The notebooks in isle adapt and extend the Python labs from ISLP, providing an economics-specific perspective.

Notebooks

The repository is organized into chapters, mirroring the structure of the ISLP book. Each chapter contains:

  • Jupyter Notebooks: Interactive notebooks with code, explanations, and exercises.
  • Economic Examples: Data sets and examples relevant to economic analysis.

You can navigate the notebooks using the three-stripe menu button in the upper-left corner on mobile devices or the table of contents panel on the left side of the browser window.

Getting Started

  1. Run in your browser: The notebooks are designed for in-browser execution using platforms like Binder or JupyterLite. Click on the links to launch the interactive environment.
  2. Run & Experiment: Execute the code cells, modify parameters, and observe how the results change.

Contributing

We welcome contributions! If you'd like to improve isle by:

  • Fixing bugs
  • Adding new notebooks or exercises with an economics focus
  • Improving existing content
  • Suggesting enhancements

Please follow these steps:

  1. Fork the repository on GitHub.
  2. Create a new branch for your changes.
  3. Make your changes and commit them with clear, concise messages.
  4. Submit a pull request to the main branch of the isle repository.

License

This project is licensed under the MIT License - see the LICENSE file for details.
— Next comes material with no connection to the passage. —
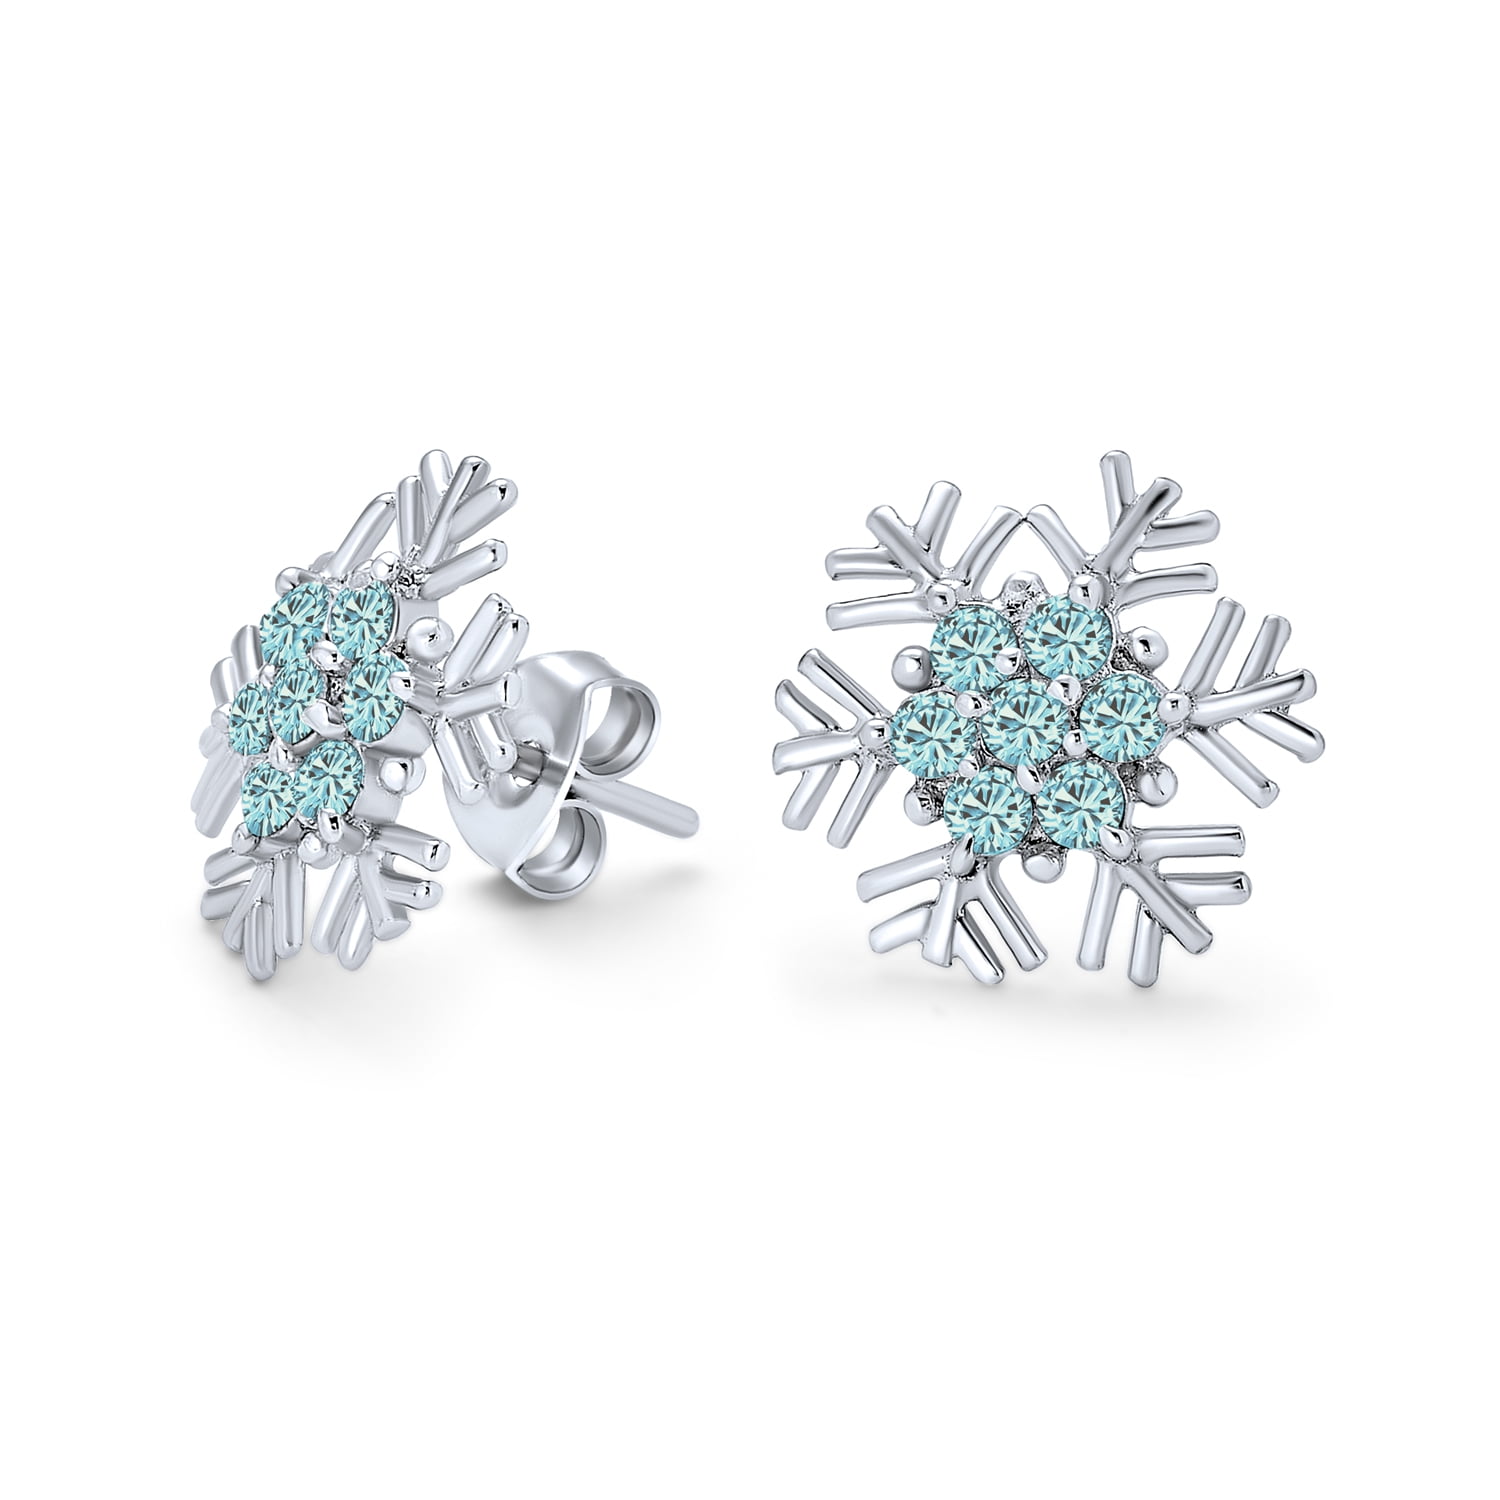 Icy Blue Snowflake Earrings-aqua glass-14k gold filled or sterling silver hooks

"An Introduction to Statistical Learning" and its associated materials have their own licensing terms, which should be respected.

Acknowledgements

  • Gareth James, Daniela Witten, Trevor Hastie, Rob Tibshirani, and Jonathan Taylor for their outstanding book, "An Introduction to Statistical Learning."
  • The developers of the Python libraries used in isle, including statsmodels, scikit-learn, pandas, and numpy.
  • The Executable Book Project for developing MyST and Thebe.
  • The open-source community for their invaluable contributions to statistical learning and data science.

Embark on your statistical learning journey with isle and discover its power in the realm of economics!